The issue is that if you live in Scotland, you do not care about the price of schools in Northern Italy, or rents in Southern Spain. And this matters in the context of our discussion because prices of non-tradable goods affect the general price level of a country; but prices of non-tradable goods are determined mainly by domestic dynamics. This is one reason why we observe cross-country differences in price levels that are not mirrored by corresponding differences in currency prices.
Empirically, we observe that prices are higher in richer countries: there is a positive cross-country relationship between average incomes and average prices. This can be seen in the visualization below, which plots GDP per capita (in international dollars) against price levels (relative to the US).

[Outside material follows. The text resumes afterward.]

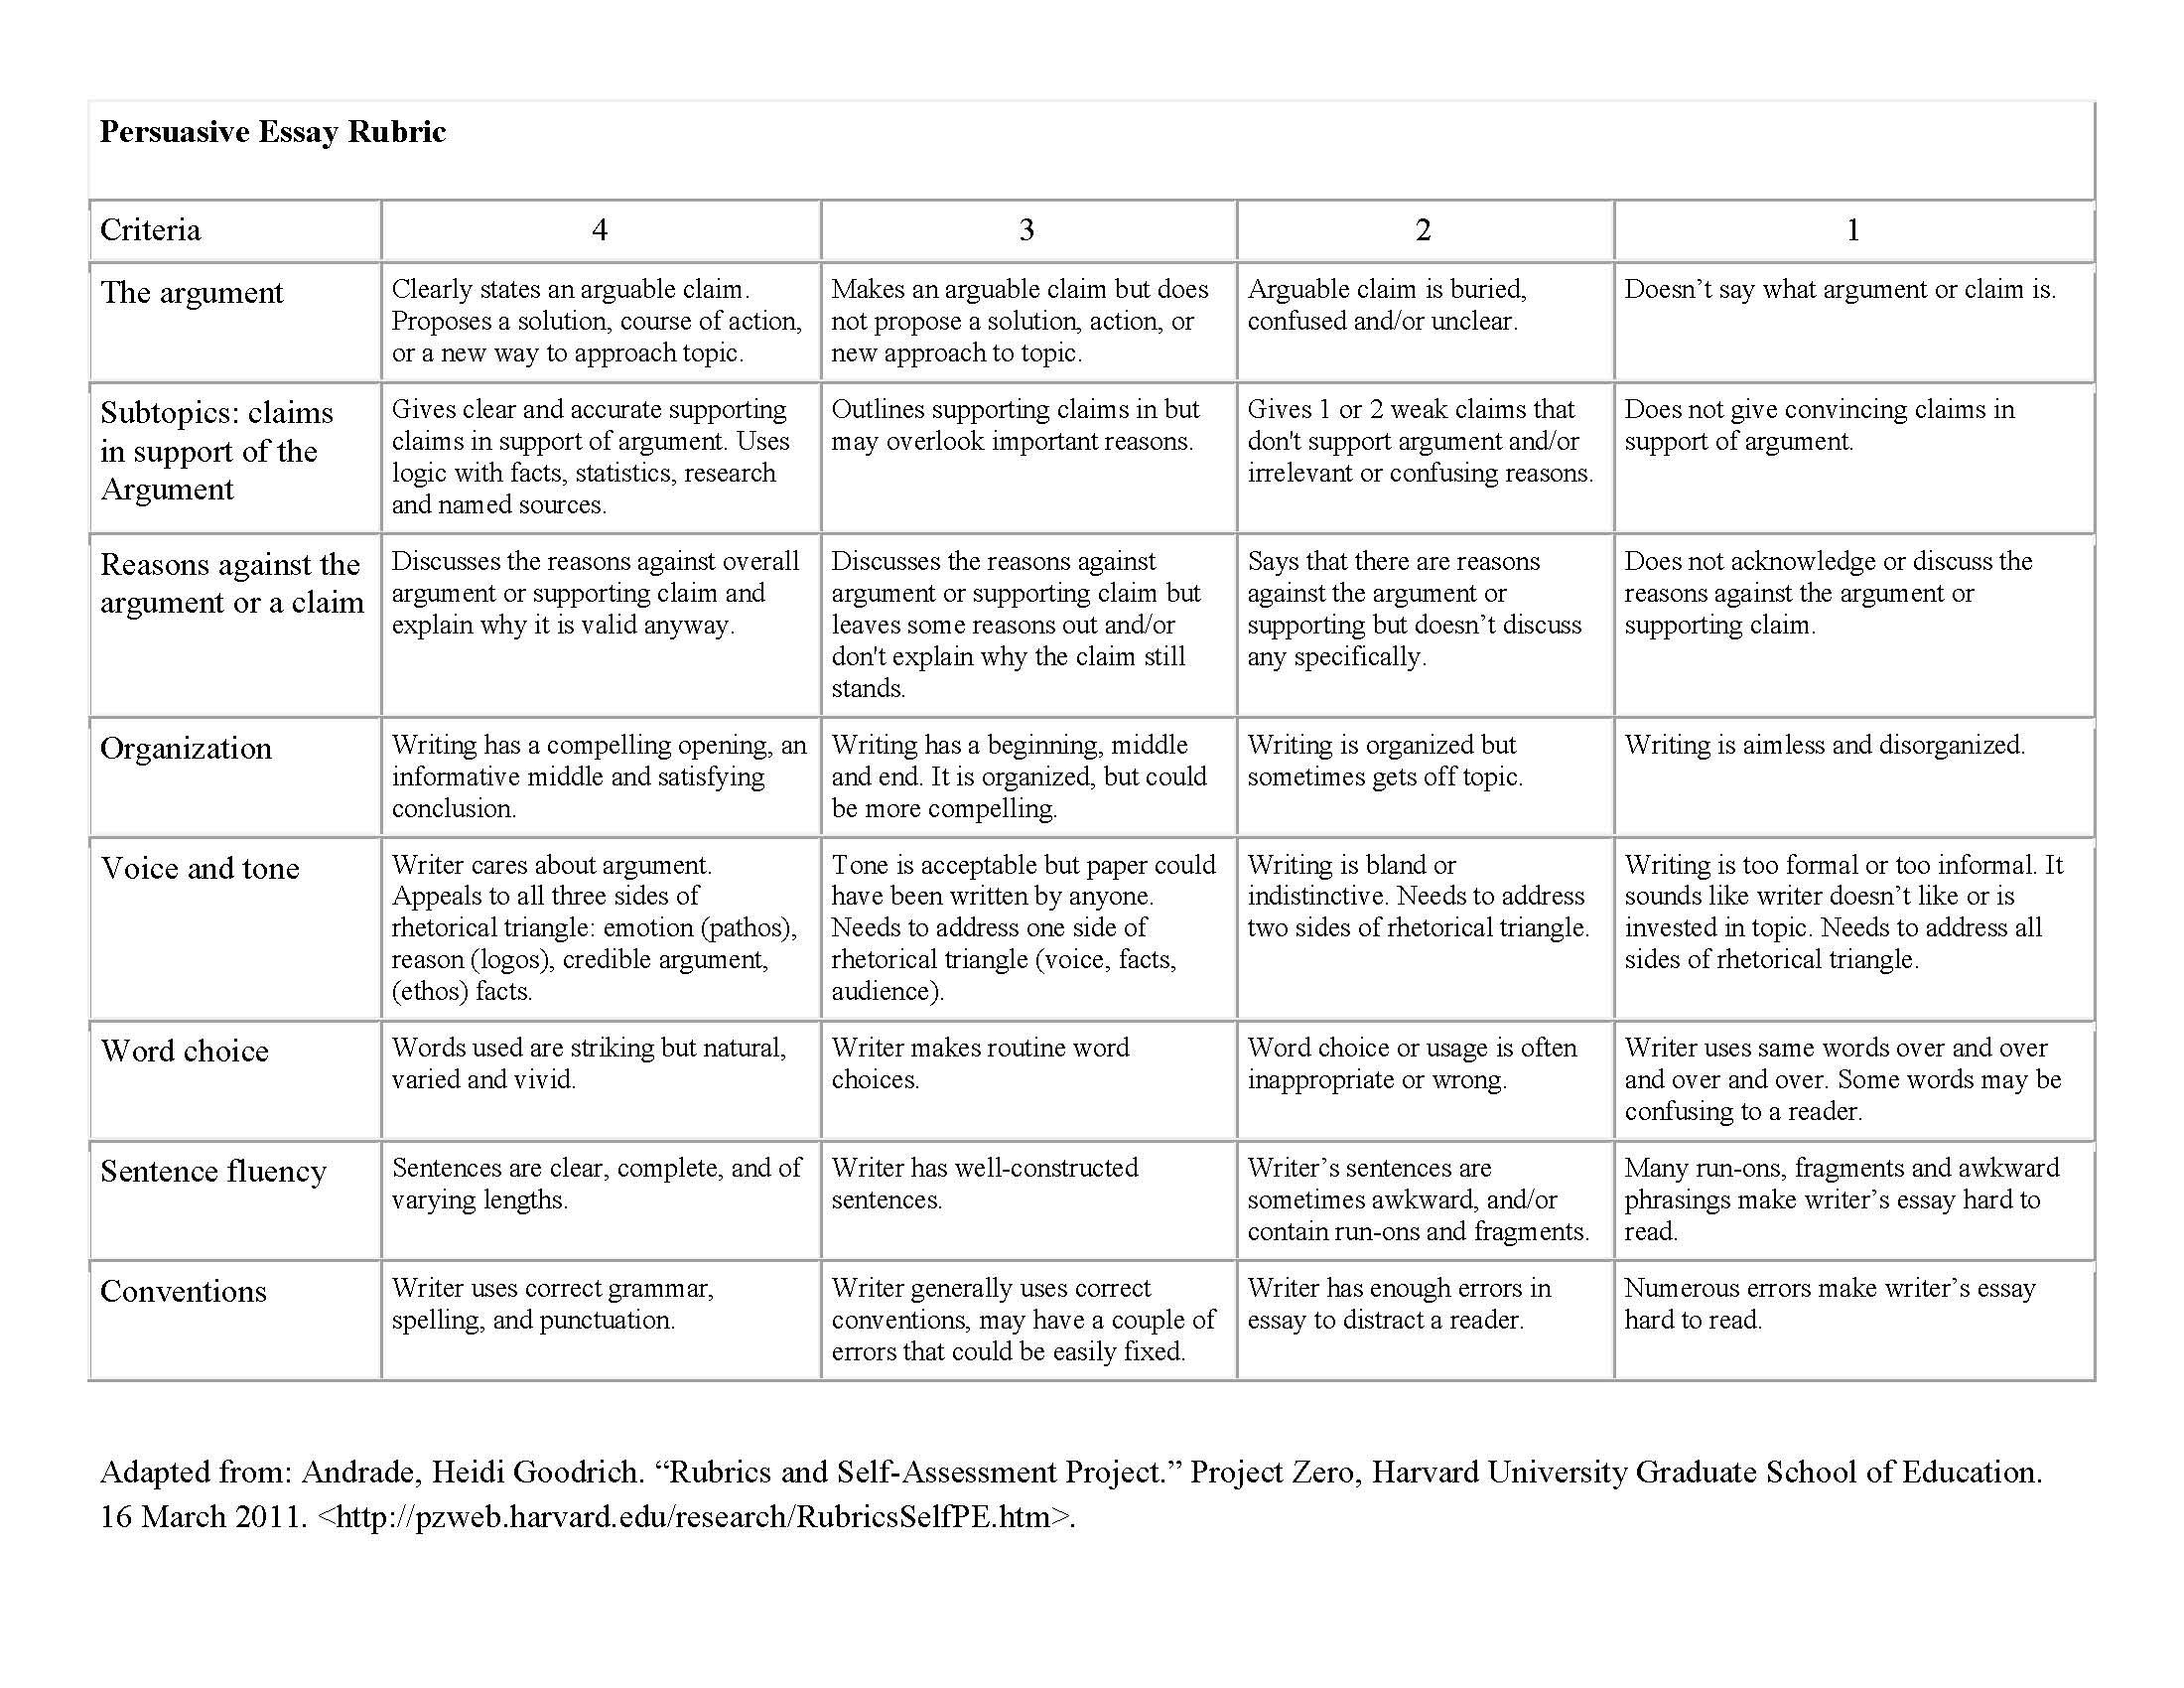 024 Handout Persuasive Essay Rubriccbu003d Example Argumentative Rare Prompts Topics For 7th Graders College High School Pdf Full

This observation was formalised by Balassa and Samuelson in the 1960s, and is usually referred to as the ‘Penn effect’.
Pinning down the causes behind the Penn effect is not straightforward; but economic theory provides some hints.
One possible explanation, which has received substantial attention in the academic literature, rests on cross-country productivity differences; specifically, the fact that labour tends to be more productive in rich countries because of the adoption of more advanced technologies.
This is the essence of the ‘Balassa-Samuelson model’. The greater the productivity differentials in the production of tradable goods between countries, the larger the differences in wages and prices of services; and correspondingly, the greater the gap between purchasing power parity and the equilibrium exchange rate. If international productivity differences are greater in the production of tradable goods than in the production of non-tradable goods, the currency of the country with the higher productivity will appear to be overvalued in terms of purchasing power parity. Therefore, the ratio of purchasing power parity to the exchange rate will be an increasing function of income.1
The correlation between productivity and the price level can be seen in this scatter plot here.
The two last rounds of PPP factors estimated by the International Comparison Programme (ICP) are from 2005 and 2011; and the next one is scheduled for 2017. With every release, estimates improve. But the data limitations have to be kept in mind, particularly if we consider the stakes: international institutions, charities and governments rely on PPP factors in order to design policies and allocate resources internationally.
What are the main limitations?
First, there are issues with the underlying sources used by the ICP. Many low-income countries do not collect sufficiently rich data on price levels, so the ICP often needs to impute missing values by making extrapolations based on regional averages, or by relying on data from price levels in capital cities where prices are often higher than in rural parts of the country.
And second, differences in consumption and production patterns make the identification of a common ‘standard’ basket of goods difficult and arbitrary. Agreeing on broad categories (e.g. ‘food’) is relatively easy; but narrowing down the exact items is much more complicated, since allowances have to be made for differences in factors such as product quality. Hence, the actual items that should be included in the ‘standard basket’ of goods produced and consumed in, say Sweden, are very different to those that should be included in Saudi Arabia.